きっかけは数ヶ月前、ある新聞社の方から調査協力の依頼があったことが始まりでした。その調査の内容が、

スウェーデンでは大学や研究所での基礎研究成果が、スタートアップにうまく結びつき、結果、何らかの科学技術をもとにしたスタートアップが多いのではないか。

というもので、取材先を探しているとのことでした。

基礎研究をテーマにしたスタートアップで、かつ調査対象分野がバイオ、金融、テック関係だということでしたので、僕の中ですぐにカロリンスカ研究所が思い浮かびました。

SUP 時代共に活動した女性が、カロリンスカのバイオアントレコース卒業だったこともあり、すぐに連絡をとり、目星のつく企業や人を知っているかというやりとりが始まりました。

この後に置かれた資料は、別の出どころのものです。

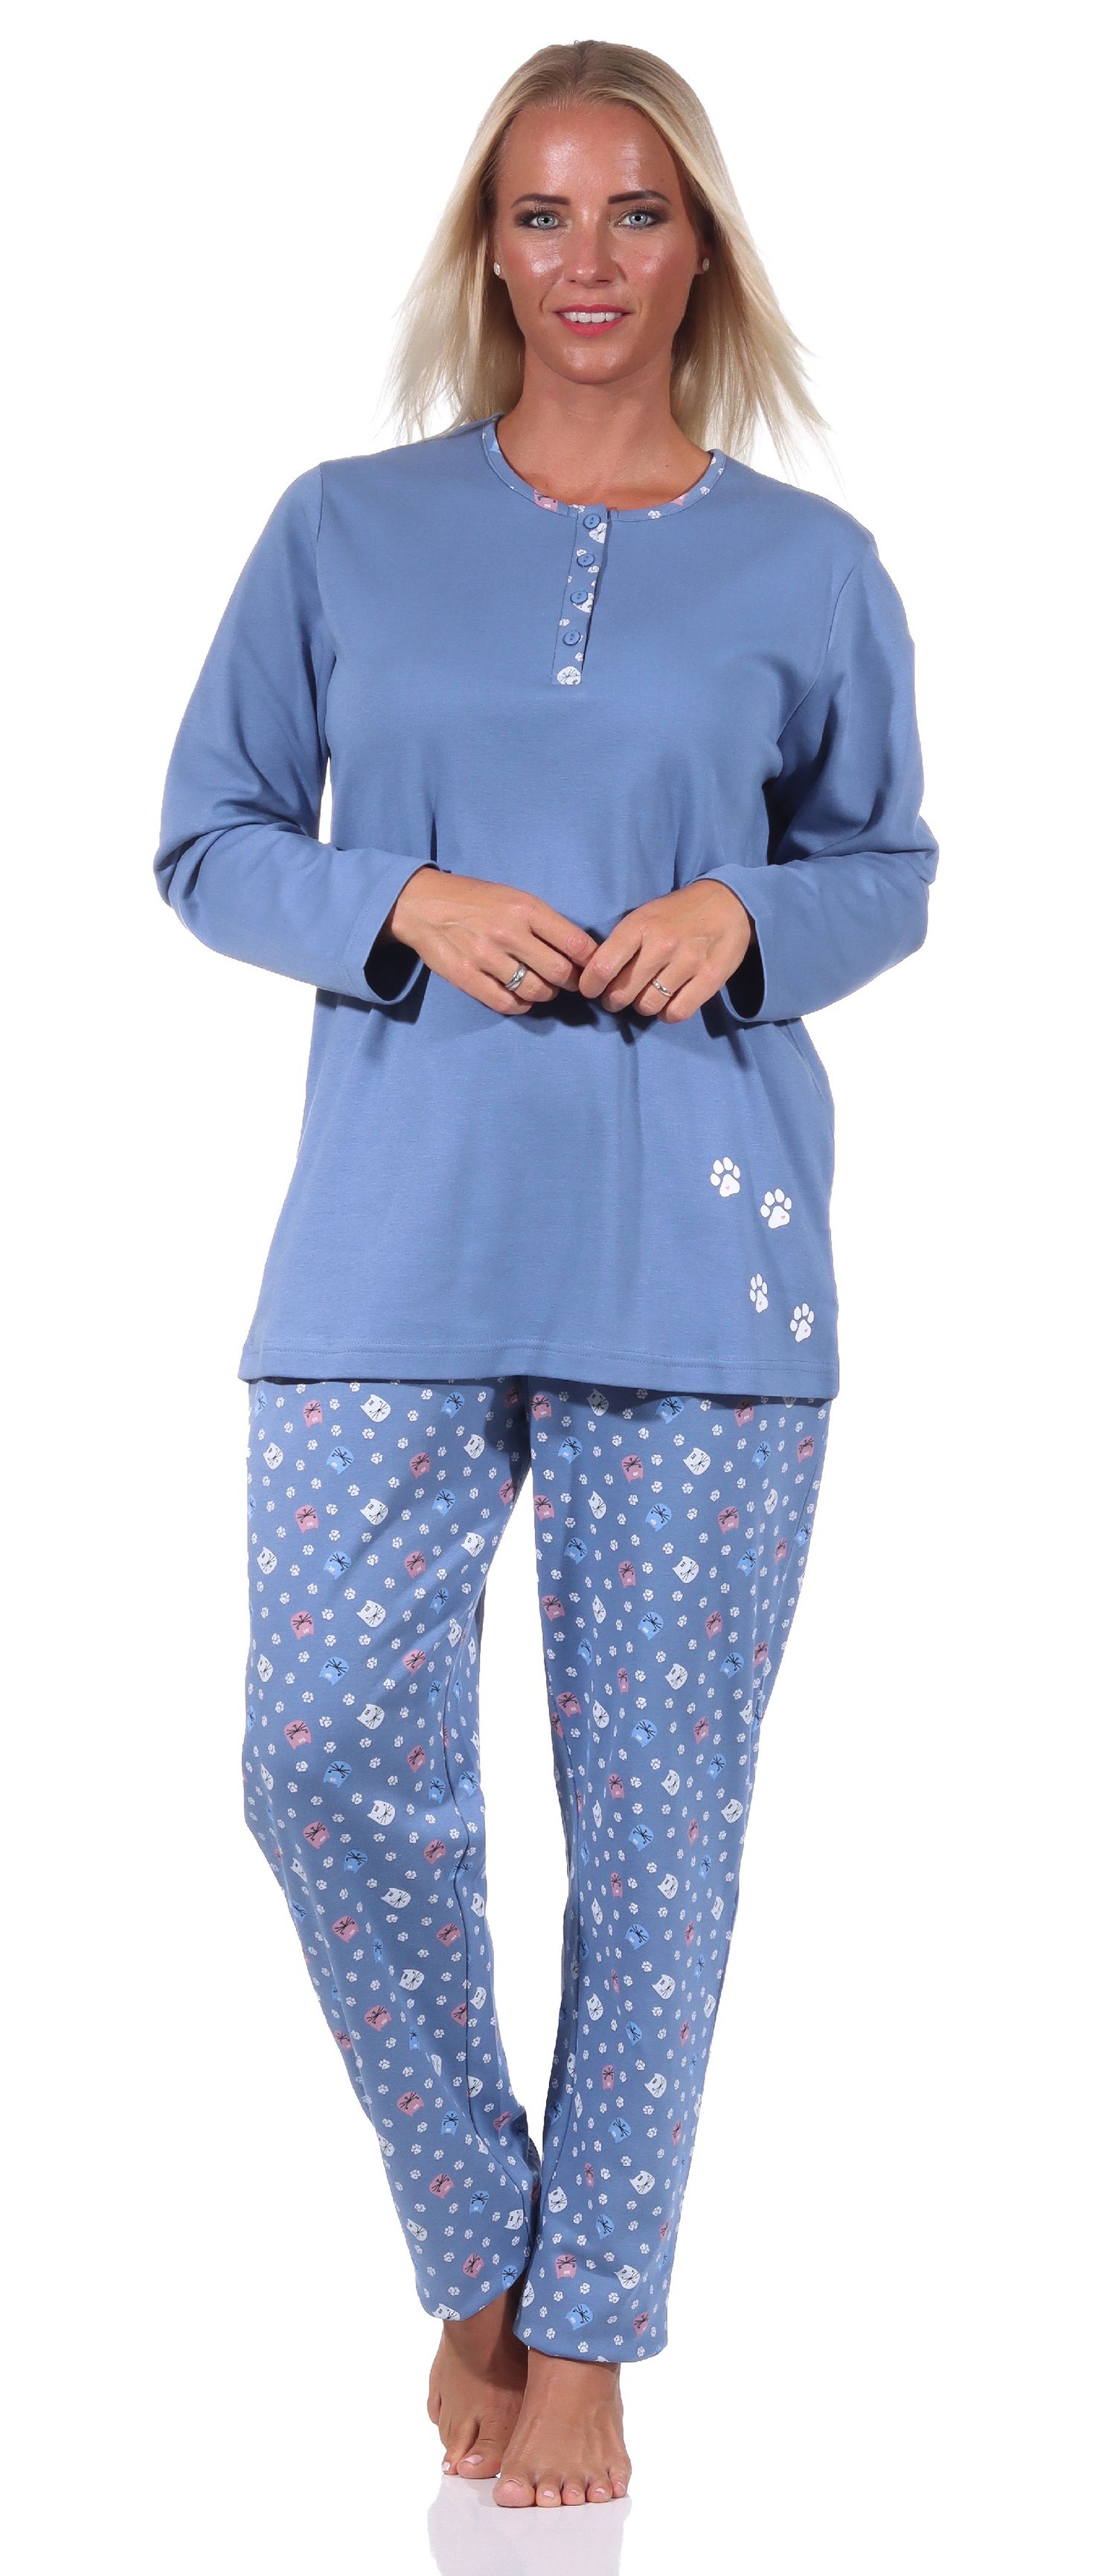 Damen Pyjama langarm Schlafanzug in Kuschel Interlock Qualität mit niedlichem Tier Motiv

そうして調べていくうちに、カロリンスカ研究所のバイオアントレプログラムの卒業生は、独自の Alumni (卒業生)コミュニティを持ち、お互いにローンチしたスタートアップに関する相談や、リクルート情報を共有したりするエコシステムが存在していることが分かりました。

その Alumni Community の責任者にコンタクトし、新聞社の方を紹介して、僕は僕の方で調べた考察を送付しました。

*現在このような取材の仲介役はお断りしています。

その後、その方とのやりとりはなくなり、調査がどうなってしまったのか分からずじまいなのですが、個人的に面白いポイントだと思い、今回 Karolinska Institute Bioentrepreneurship 卒業生の友人 Tzeni さん(ギリシャ人)に、実際カロリンスカではどうなのかうかがってみました。

カロリンスカ研究所のスタートアップ事情

ーーー 今日は時間を作ってもらってありがとうね。以前話したカロリンスカのスタートアップ環境について聞きたいんだけど。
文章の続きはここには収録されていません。